▸ Exercise objective: Please write out every line of the material, leaving out any picture.

▸ Supplied material:
+ + +
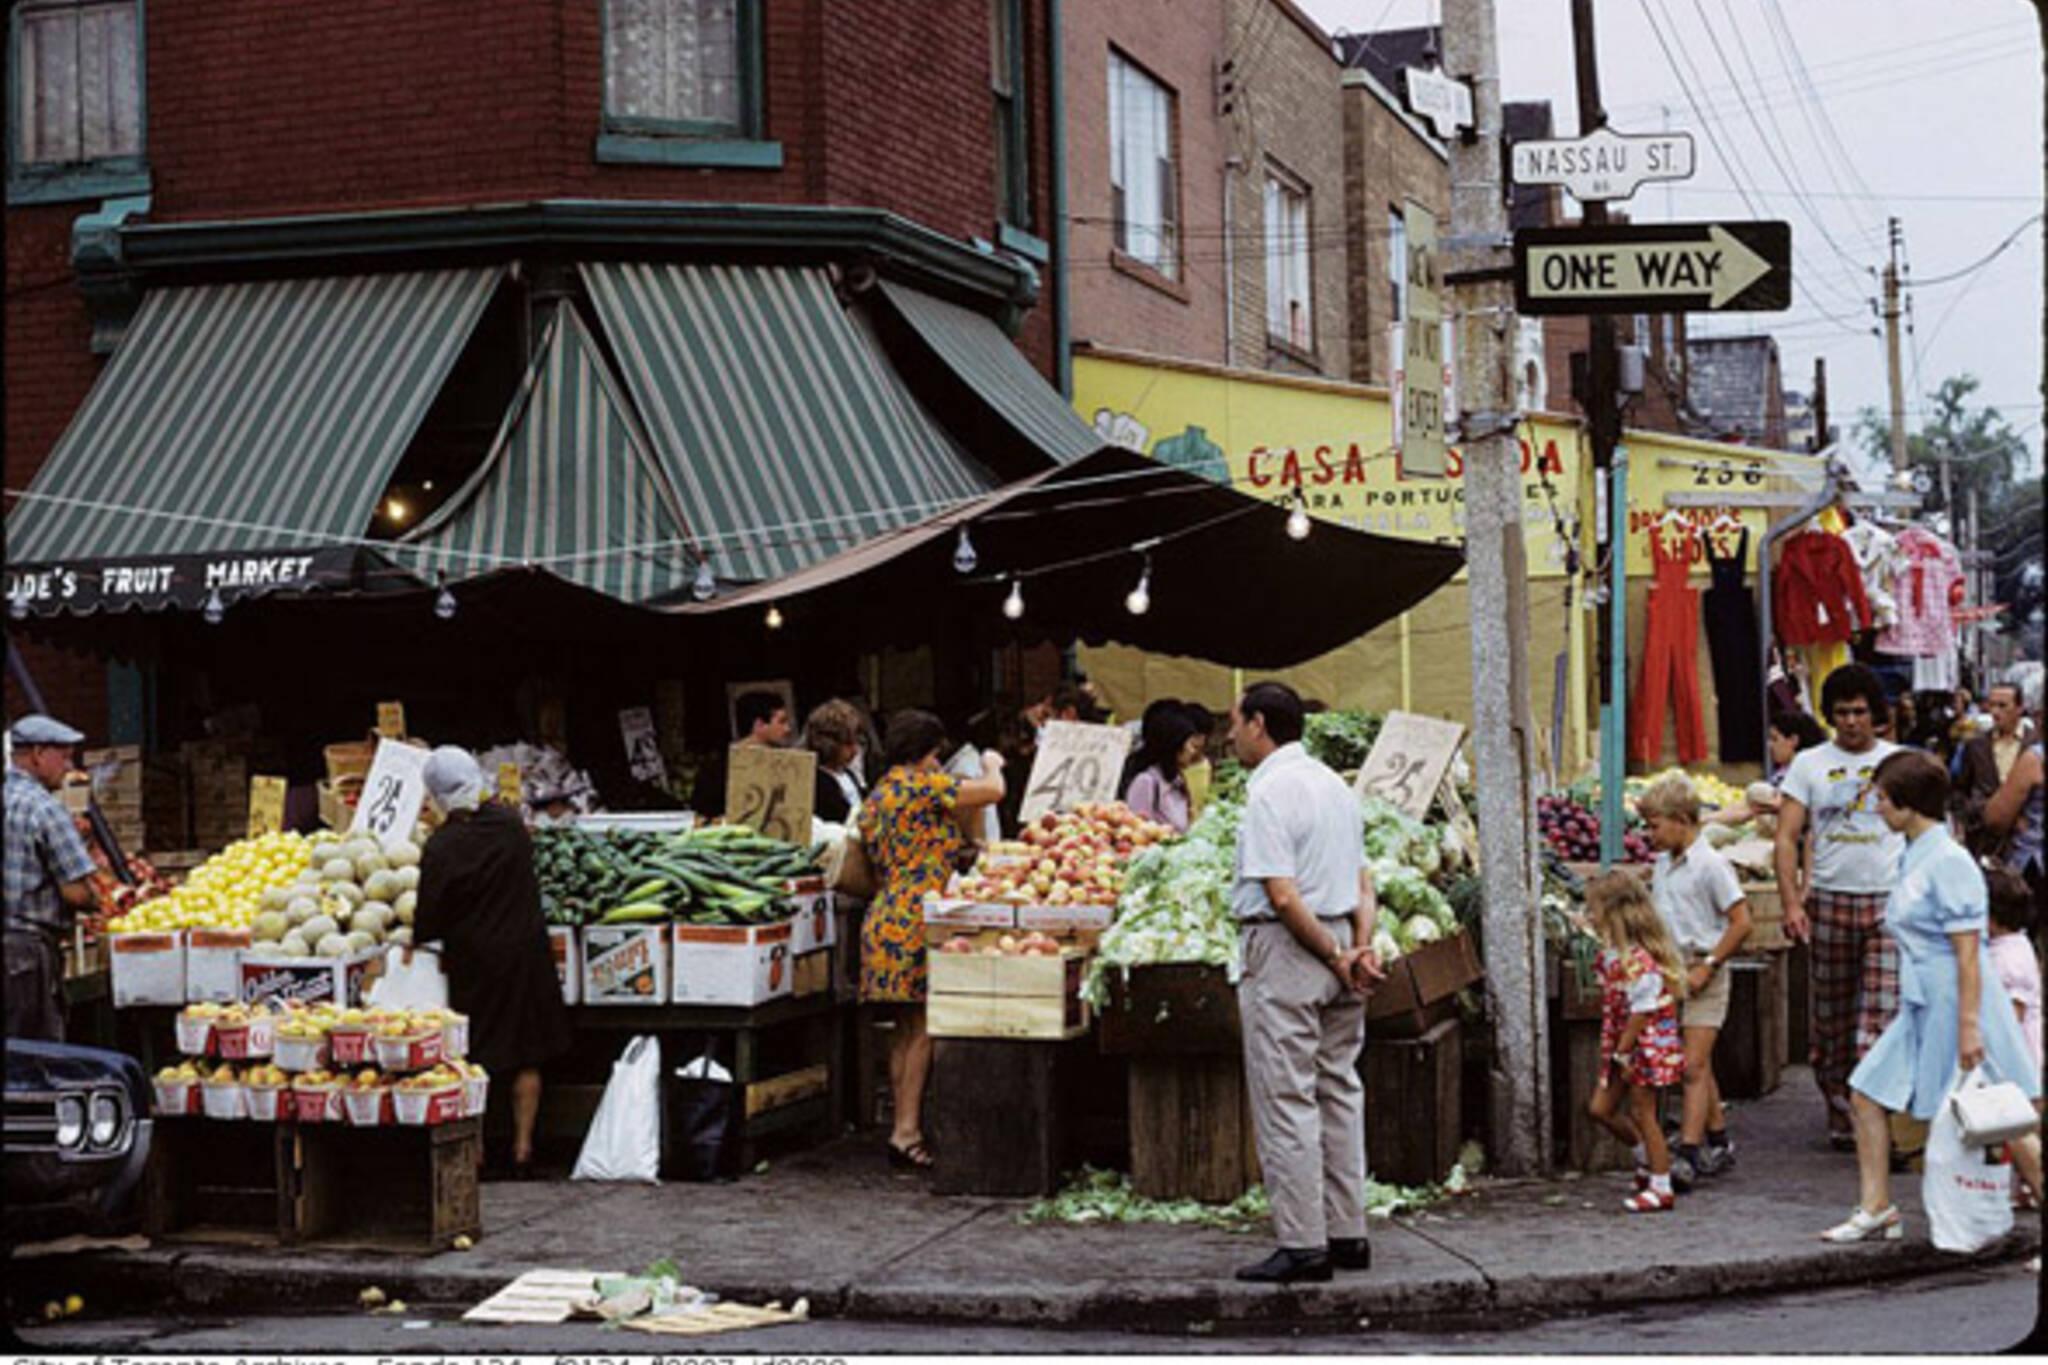 Kensington market History
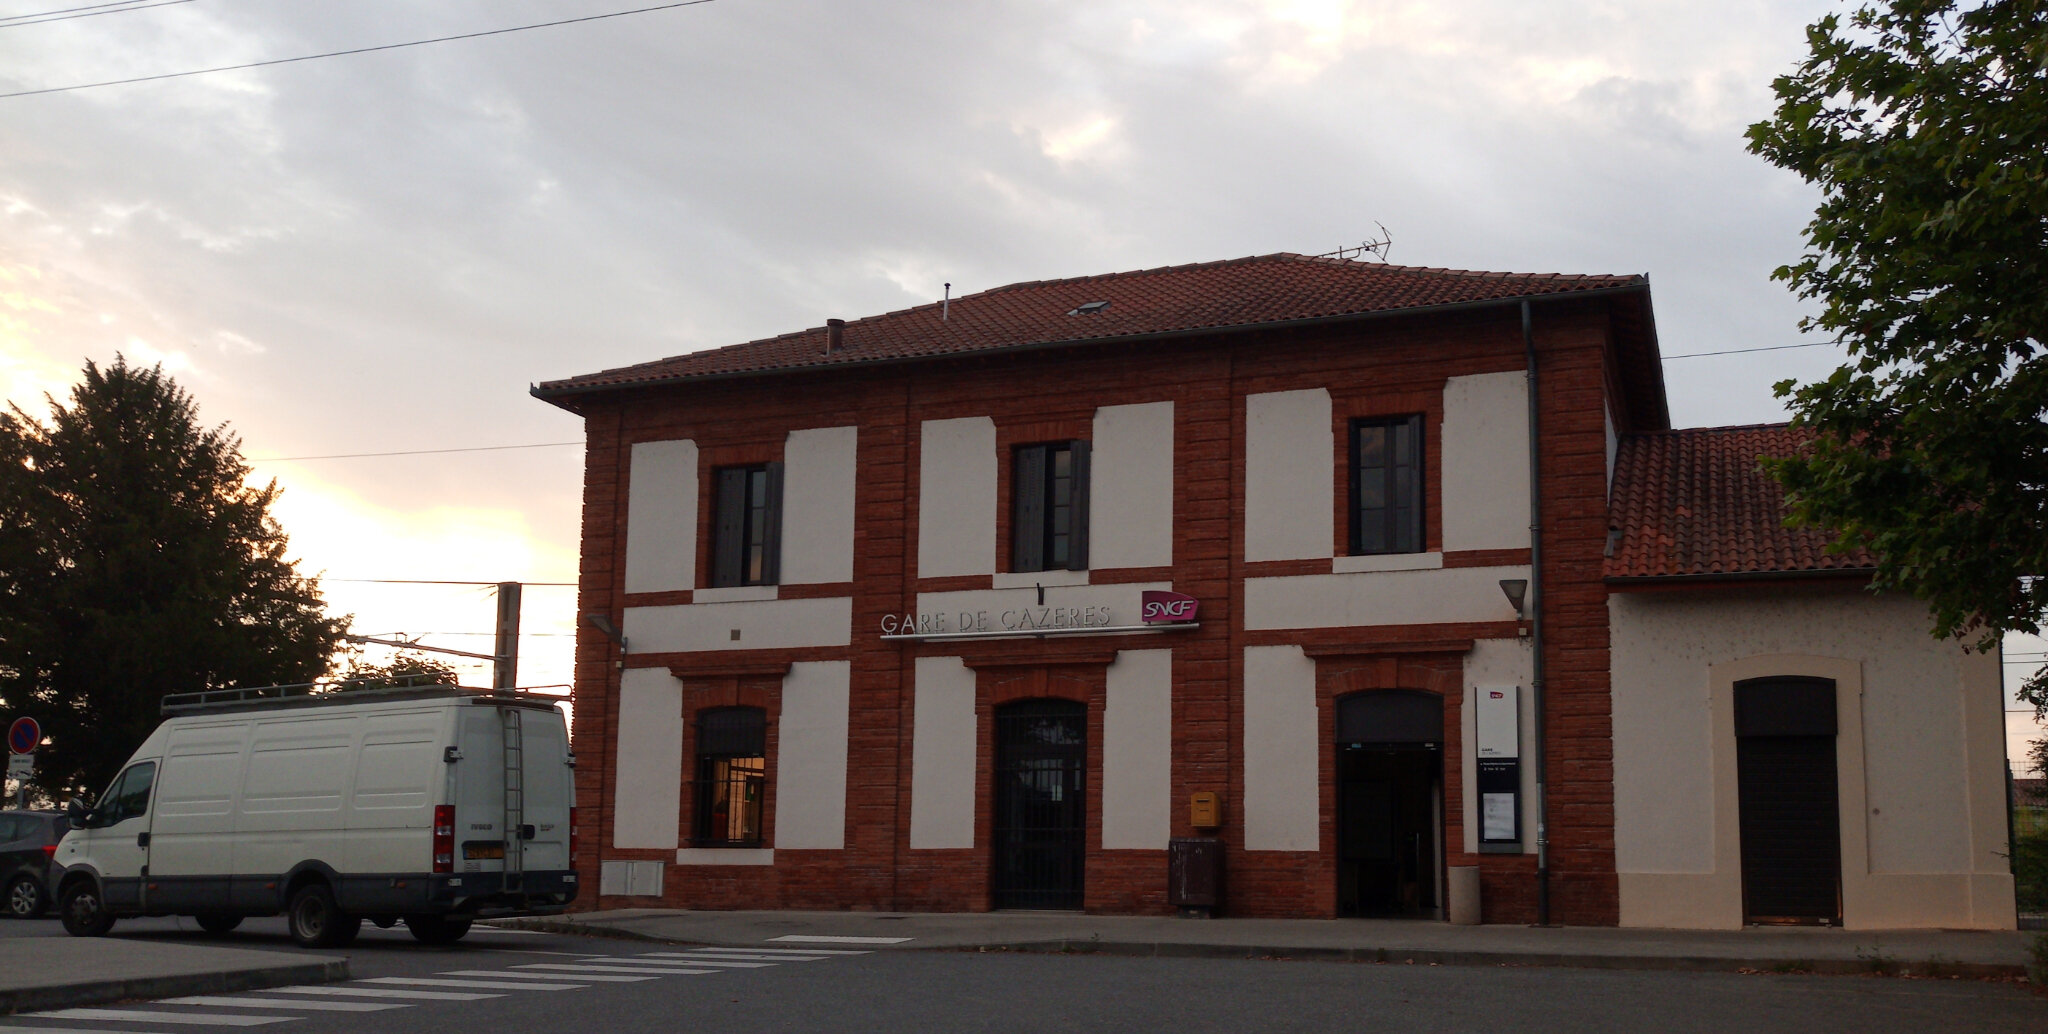 Cazères (Haute-Garonne - 31)
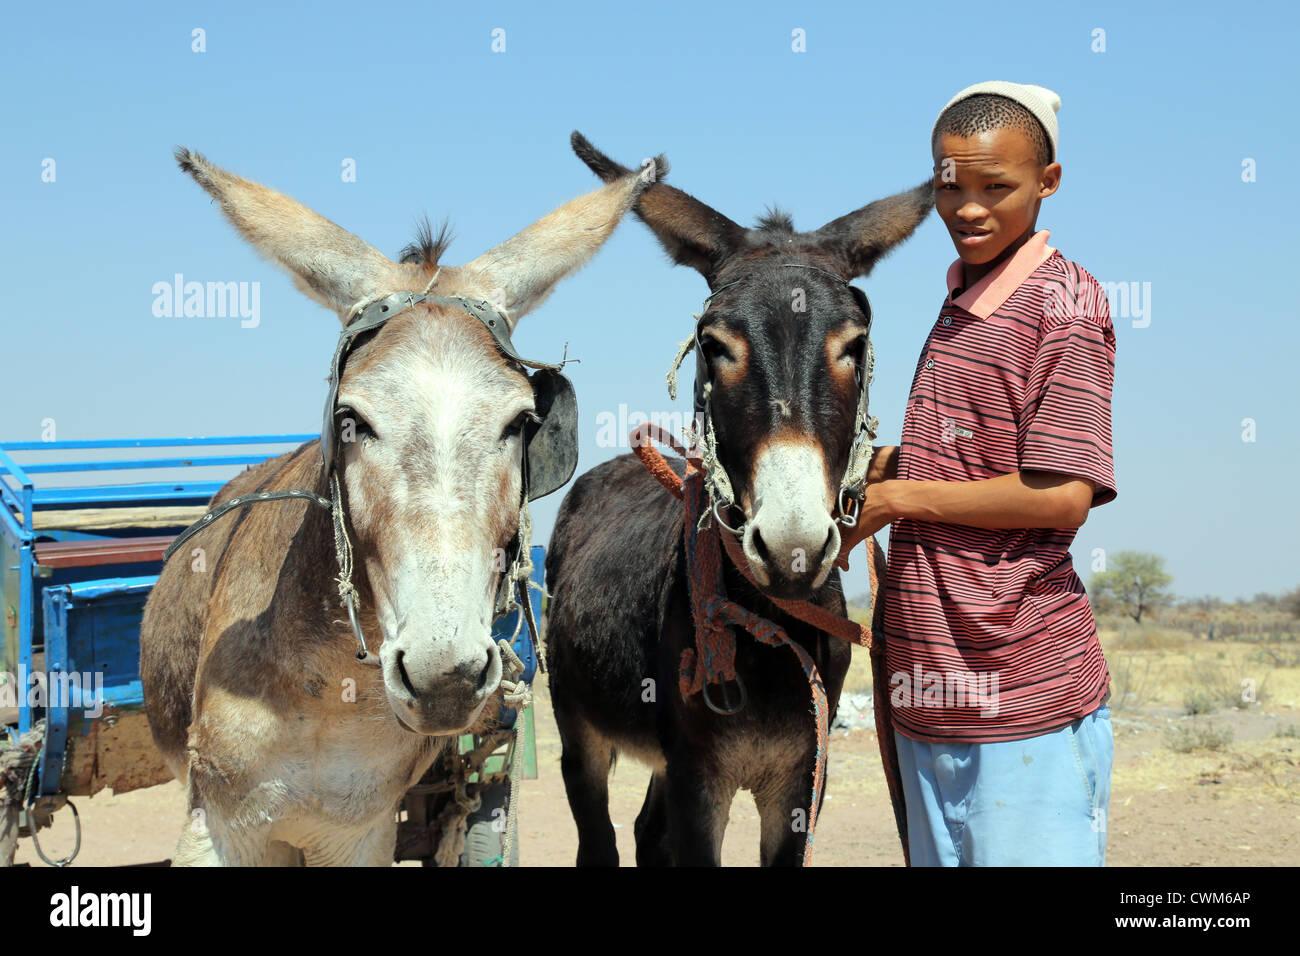 Boy of the indigenous San tribe stretches donkeys to a cart, Namibia, Kalahari desert - Stock Image
+ + +
▸ Solution below:
 Kensington market History
 Cazères (Haute-Garonne - 31)
 Boy of the indigenous San tribe stretches donkeys to a cart, Namibia, Kalahari desert - Stock Image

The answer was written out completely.